Happy the Man chronology
|  | Happy the Man (1977) | Crafty Hands (1978) |

= Happy the Man (Happy the Man album) =

Happy the Man is the debut album by the American progressive rock band Happy the Man, released in 1977. Rolling Stone ranked it 50th on their list of the 50 greatest prog-rock albums of all time.

==Reception==

In a review for AllMusic, Donald A. Guarisco called the album "a solid prog outing that will find favor with those who enjoy art rock at its most complex and ambitious," and wrote: "Though it met with little commercial success, Happy the Man's 1977 debut quickly became a cult sensation with fans of prog rock. It's easy to see why: their sound combines a number of diverse influences in a distinctive manner, and their music is as complex and meticulously arranged as any prog album one cares to mention."

A writer for Rolling Stone stated that the album represents "the band at its most dynamic, highlighted by intricate instrumental interplay as far-out as the song titles."
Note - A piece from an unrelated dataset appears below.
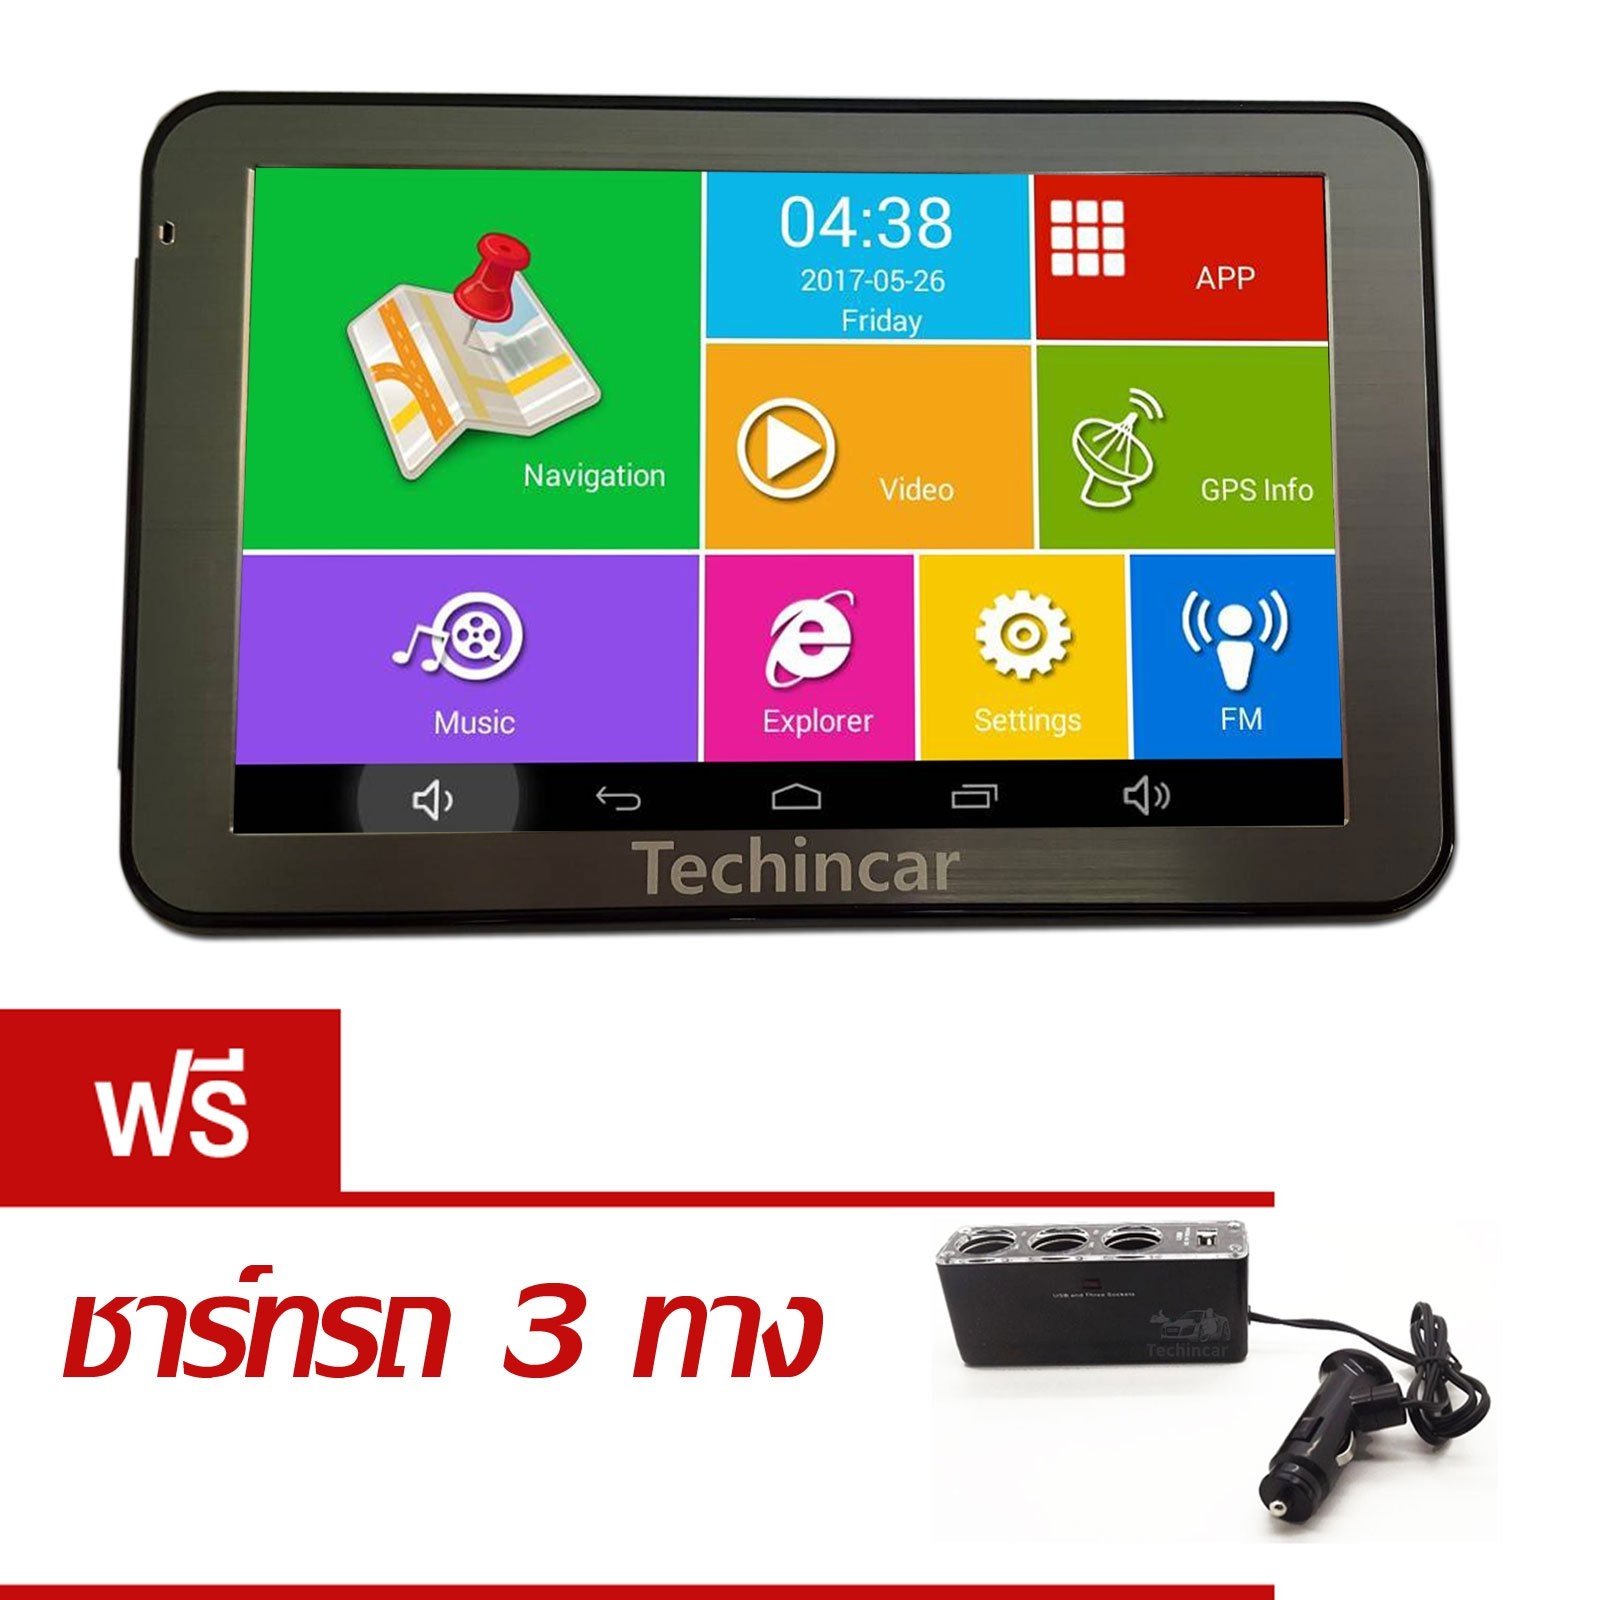 "GPSนำทาง Android จอ 5.0"" รุ่น M515 (ขนาดหน้าจอ 5.0"") ROM 8GB + Bluetooth+wifi+AV-IN (สีดำ)"

Mike McLatchey of Exposé Online described the album as "one of the best debuts of all time and an essential item," noting that it is "some of the best, most elaborate and sophisticated symphonic rock ever produced, played by technical geniuses."

Professional ratings
Review scores
| Source | Rating |
| AllMusic | Star Half star |

==Track listing==
1. "Starborne" (Kit Watkins) – 4:22
2. "Stumpy Meets the Firecracker in Stencil Forest" (Stanley Whitaker) – 4:16
3. "Upon the Rainbow (Befrost)" (Watkins, Frank Wyatt) – 4:42
4. "Mr. Mirror's Reflections on Dreams" (Watkins) – 8:54
5. "Carousel" (Wyatt) – 4:06
6. "Knee Bitten Nymphs in Limbo" (Whitaker) – 5:22
7. "On Time as a Helix of Precious Laughs" (Wyatt) – 5:22
8. "Hidden Moods" (Watkins) – 3:41
9. "New York Dream's Suite" (Wyatt) – 8:32

==Personnel==
- Stanley Whitaker – electric guitar, acoustic guitar (8), lead vocals (3,7)
- Frank Wyatt – keyboards, backing vocals, saxophone (2,3), flute (4,8), piano
- Kit Watkins – Minimoog, acoustic piano, Rhodes piano, ARP string ensemble, Hammond B3 organ, Hohner clavinet, flute (4,8), marimba (7)
- Rick Kennell – electric bass
- Mike Beck – drums, percussion

==Road Crew==
- Eric Smith – Road Manager
- Steven Meeks – Stage Lighting
- Kenny Baily – Stage Manager
- Wayne Garber – Sound Engineer
- Live Sound Provided by Ace Pace
- Cover Art – Mary Walsh Photo/ Dennis Luzak Illustration Back cover *Photography – Mary Walsh Inner Sleeve Photo: Benno Friedman Design & *Art Direction – Bob Heimall

==Sources==
- Happy the Man, Happy the Man. Arista Records AL4120, 1977 (liner notes)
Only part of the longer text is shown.